**** DATASET ****
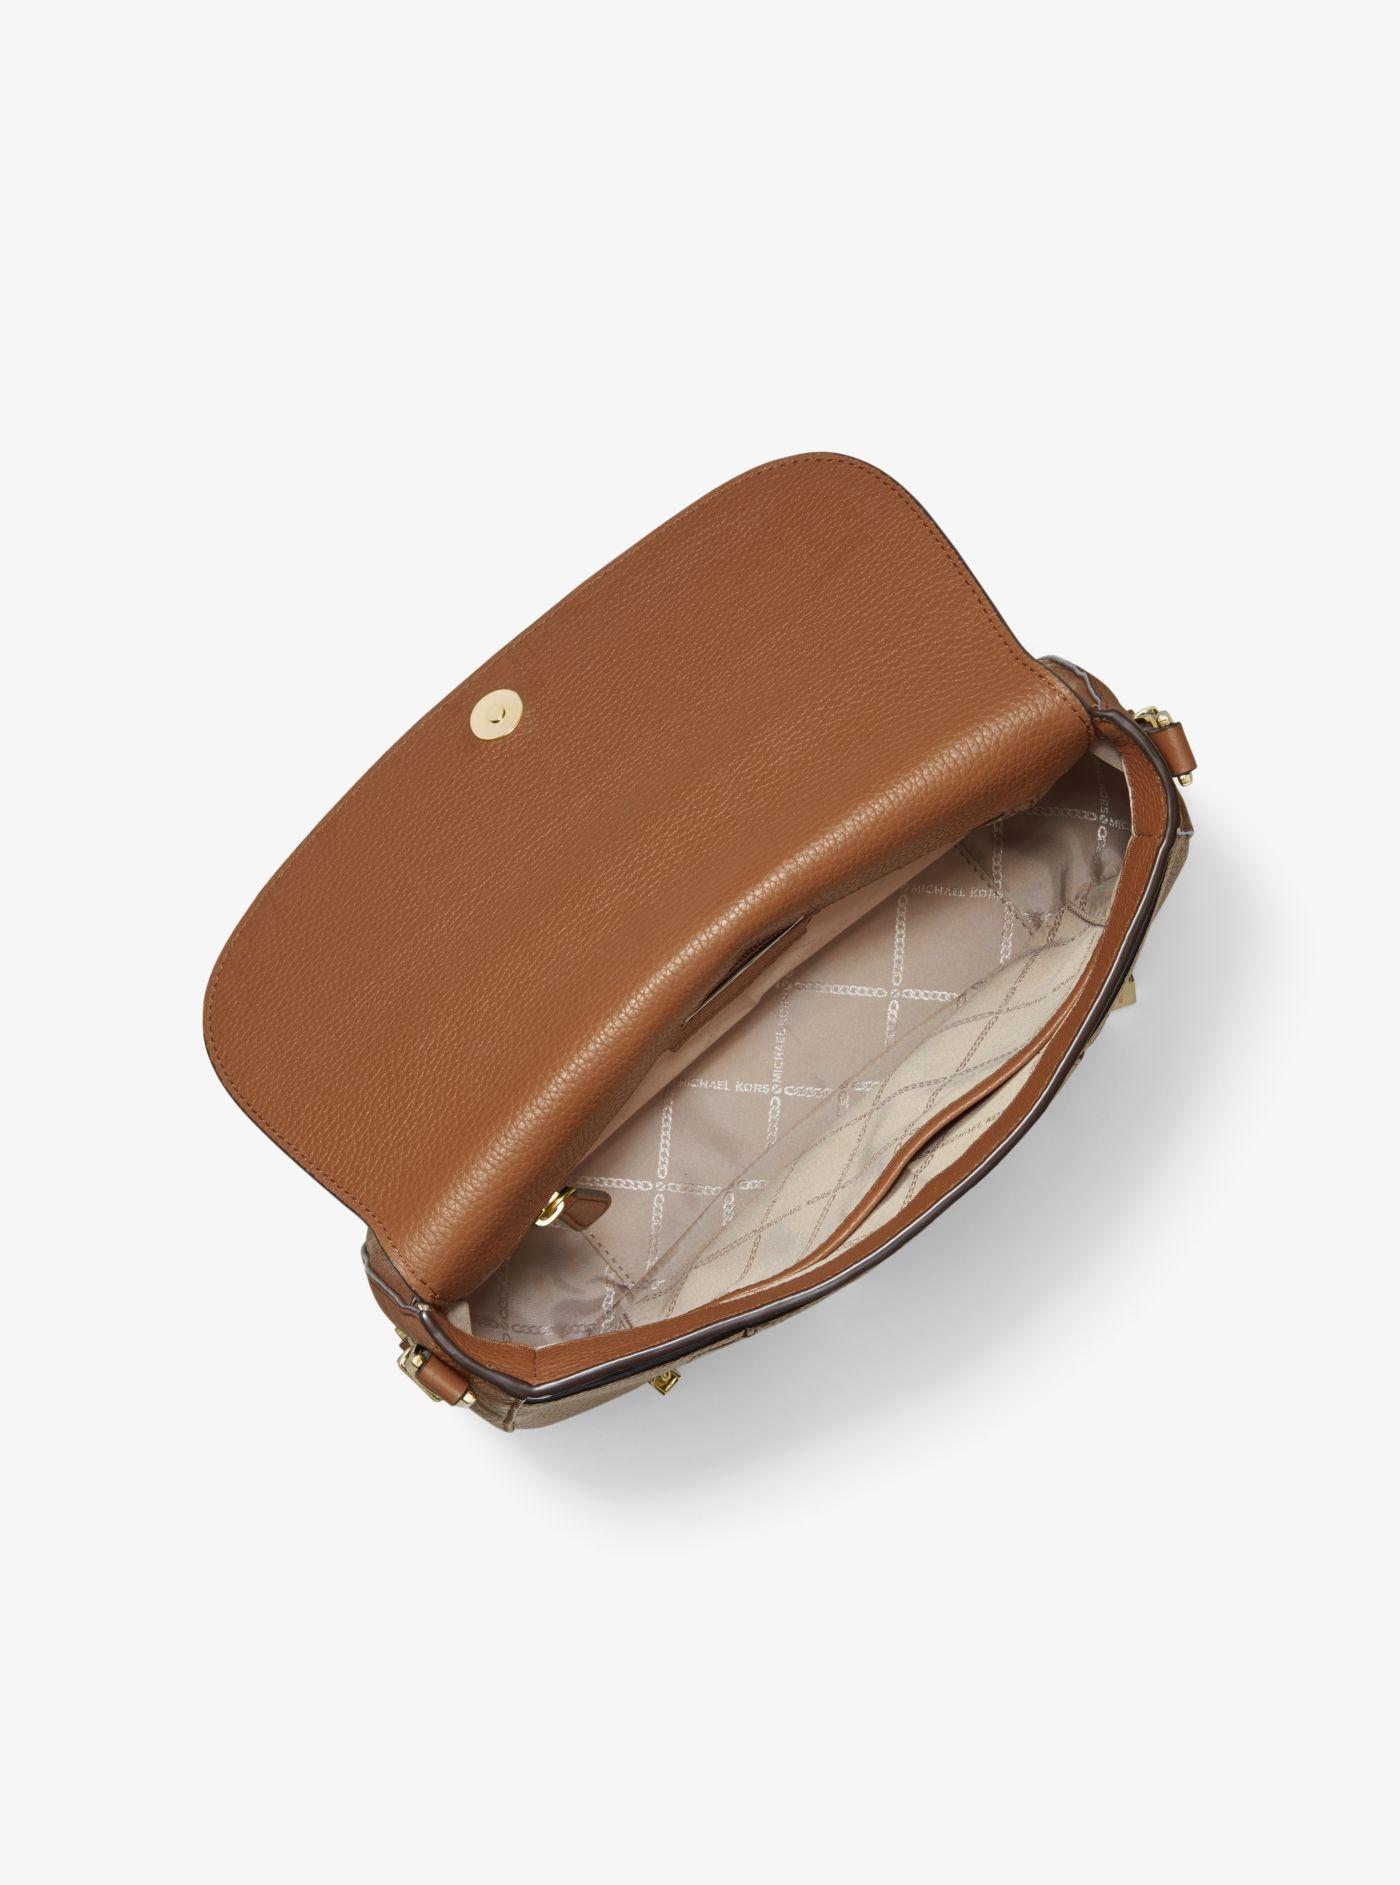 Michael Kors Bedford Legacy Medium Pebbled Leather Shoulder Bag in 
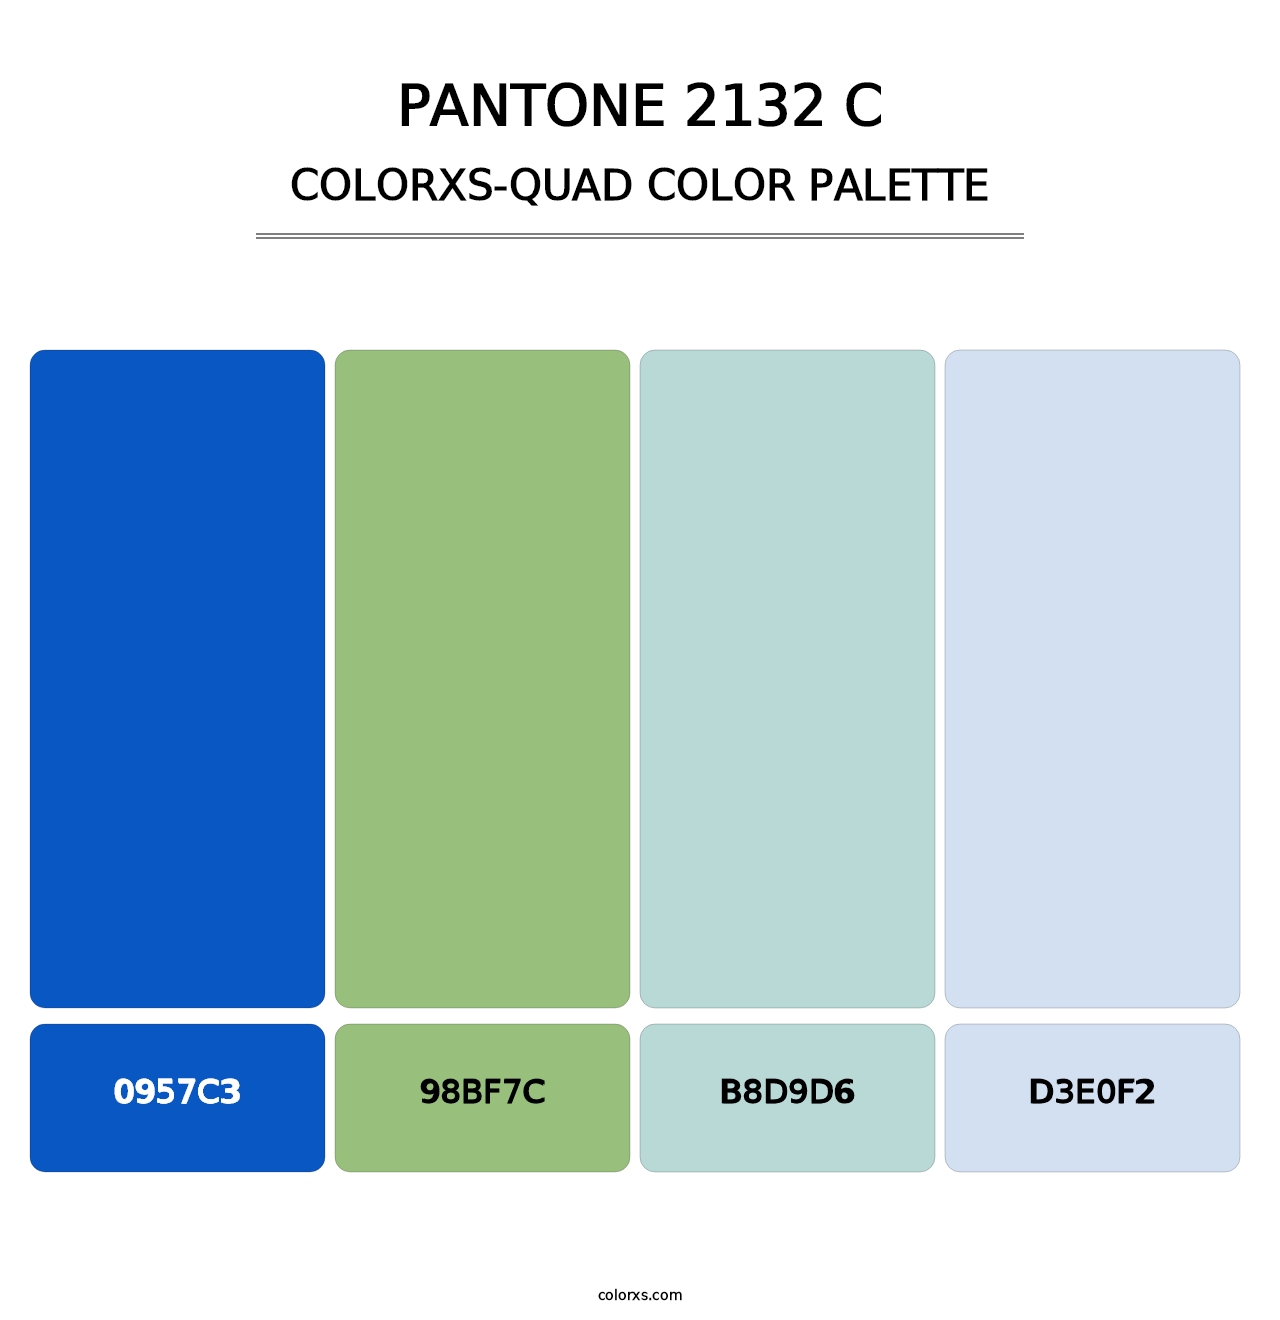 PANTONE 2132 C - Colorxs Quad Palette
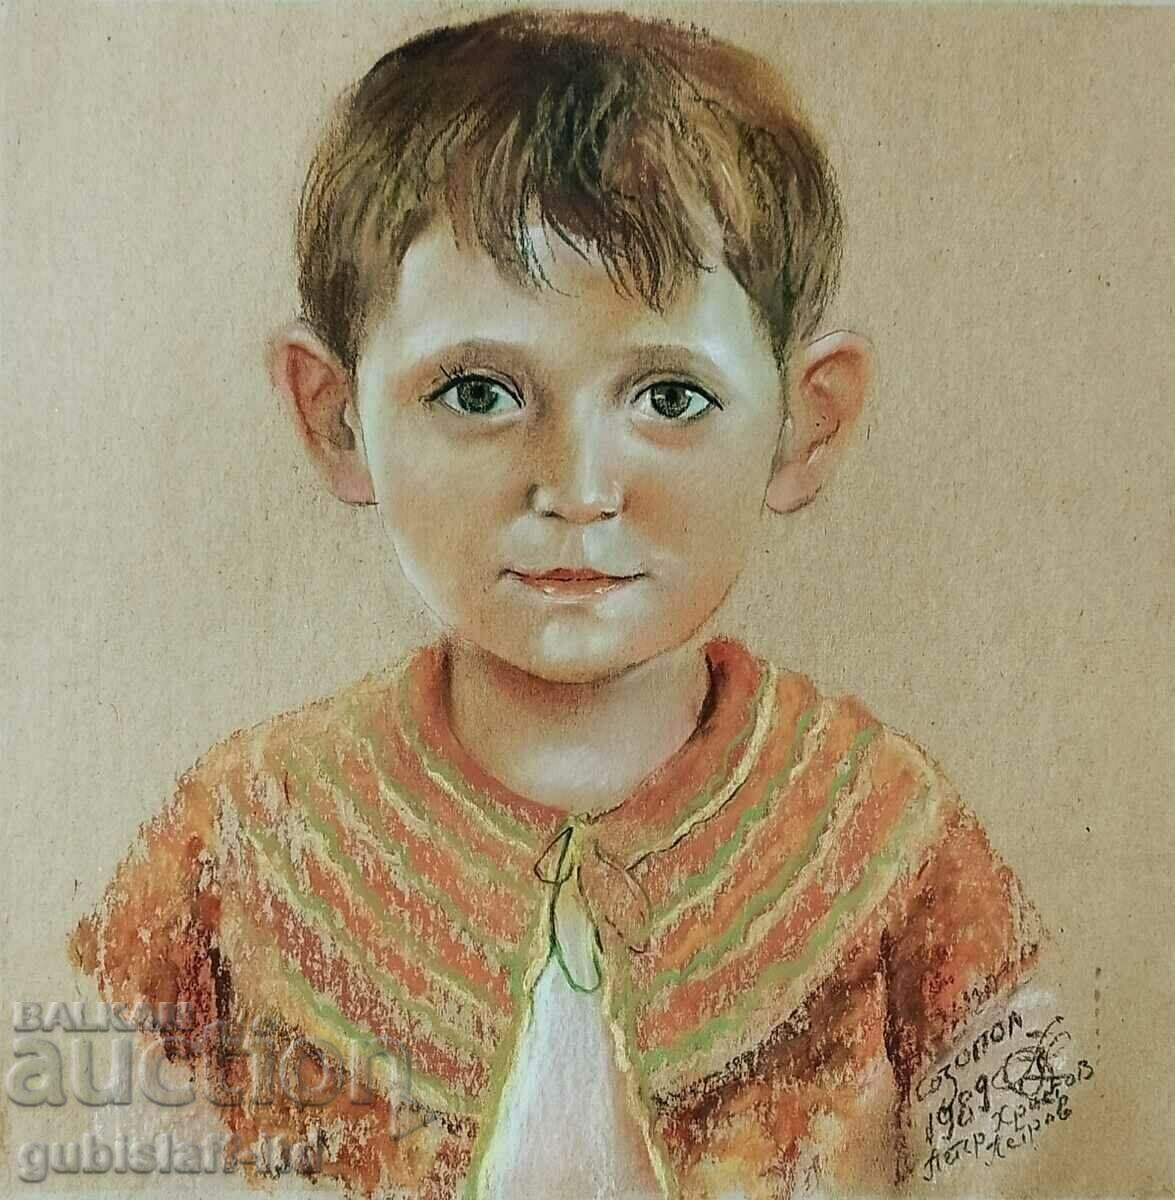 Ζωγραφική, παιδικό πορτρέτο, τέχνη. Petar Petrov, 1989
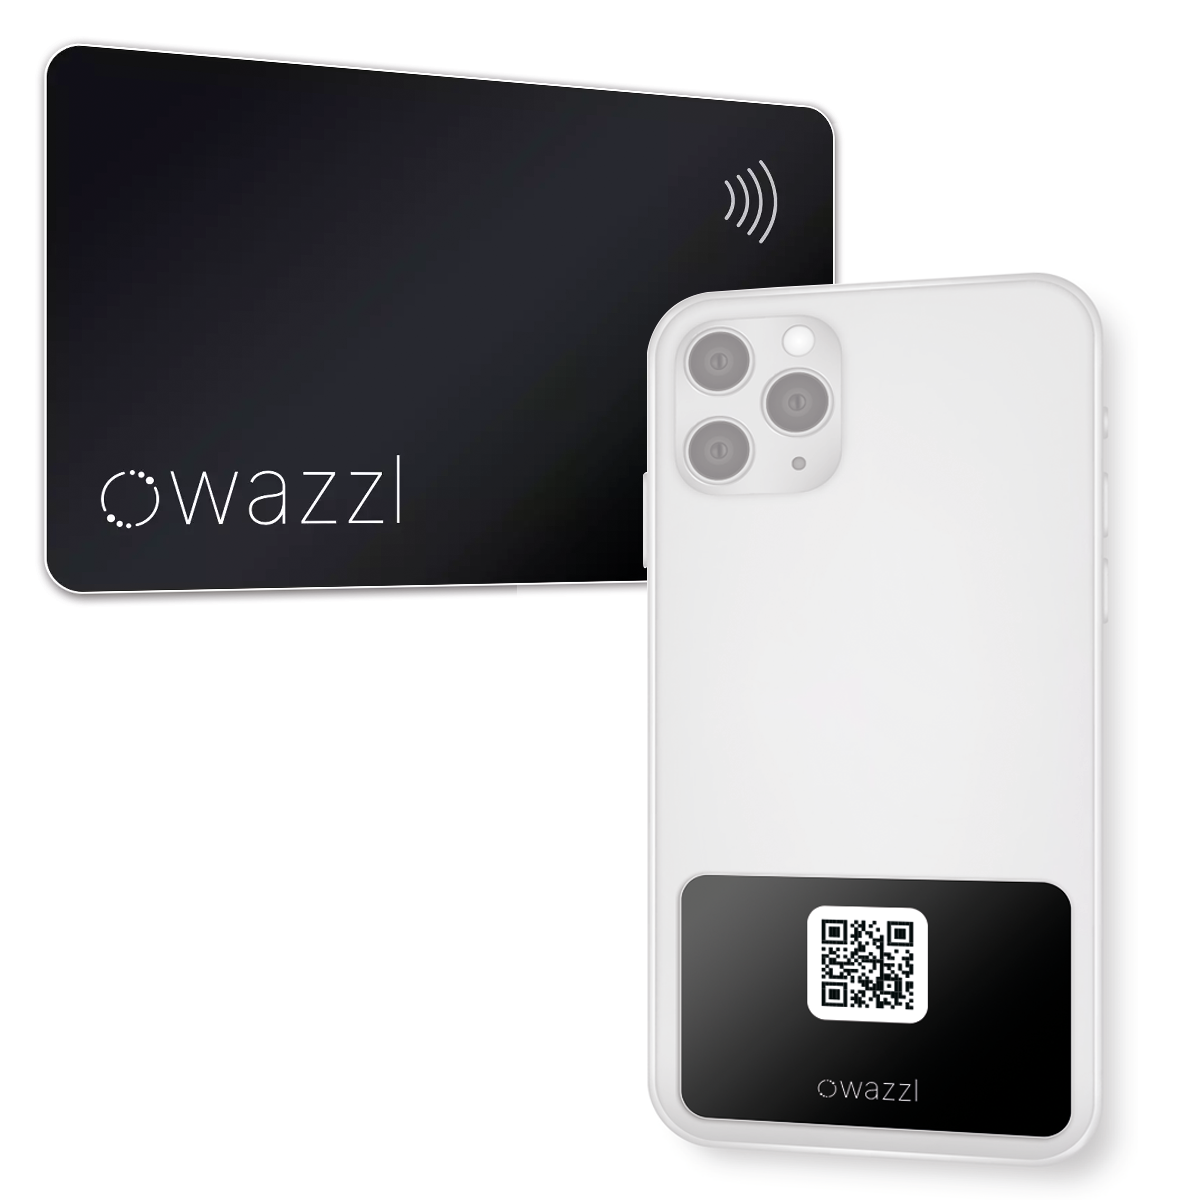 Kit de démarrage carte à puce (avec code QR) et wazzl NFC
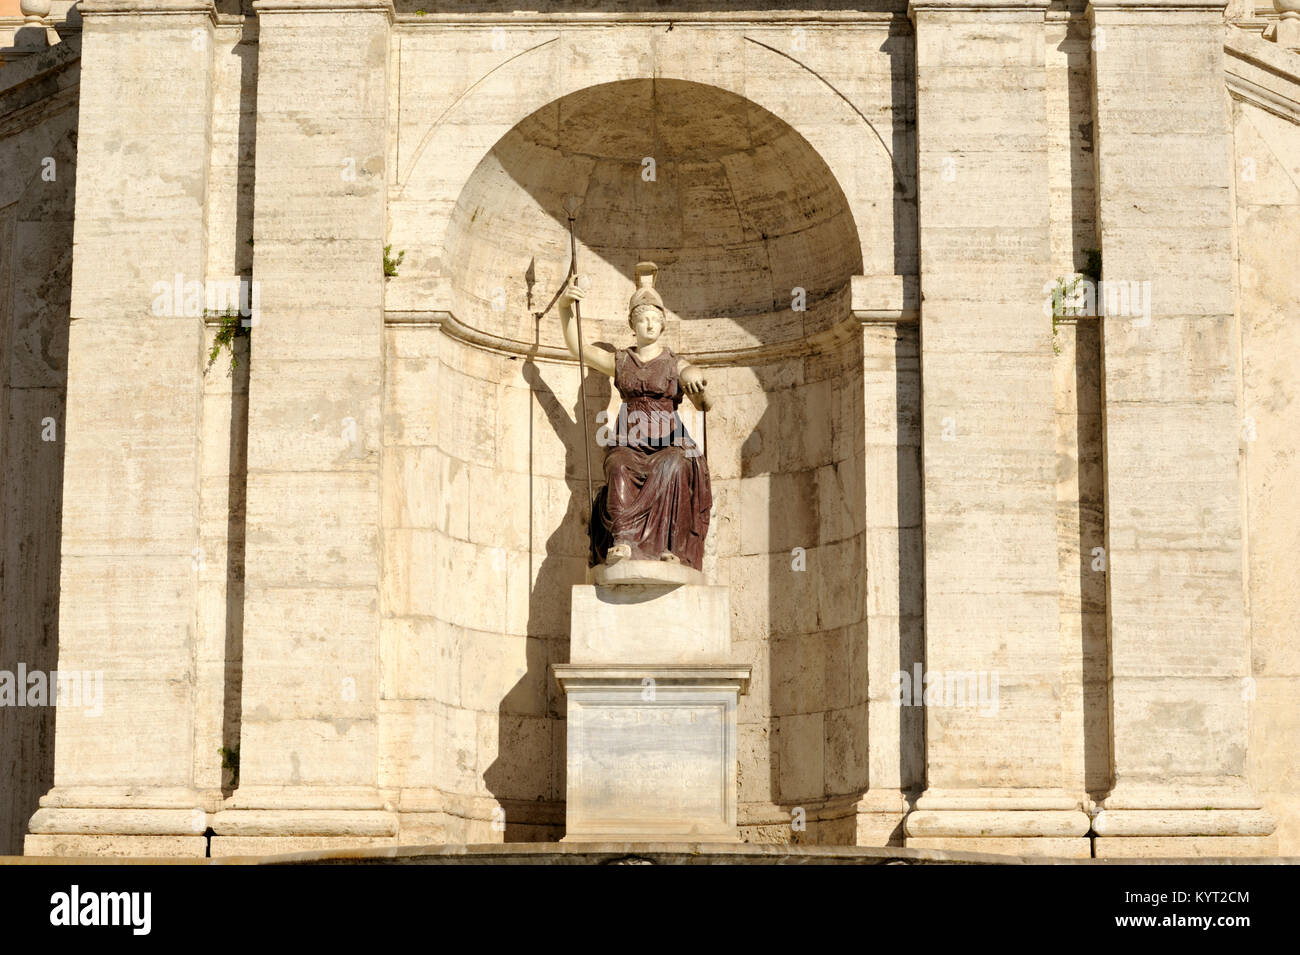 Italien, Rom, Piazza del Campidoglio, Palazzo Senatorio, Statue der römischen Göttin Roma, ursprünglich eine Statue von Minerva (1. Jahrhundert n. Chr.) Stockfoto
****
INSTRUCTIONS TO FOLLOW >>
Word for word, copy out each record; do not include pictures.

RESPONSE FOR THIS EXERCISE >>
 Michael Kors Bedford Legacy Medium Pebbled Leather Shoulder Bag in 
 PANTONE 2132 C - Colorxs Quad Palette
 Ζωγραφική, παιδικό πορτρέτο, τέχνη. Petar Petrov, 1989
 Kit de démarrage carte à puce (avec code QR) et wazzl NFC
 Italien, Rom, Piazza del Campidoglio, Palazzo Senatorio, Statue der römischen Göttin Roma, ursprünglich eine Statue von Minerva (1. Jahrhundert n. Chr.) Stockfoto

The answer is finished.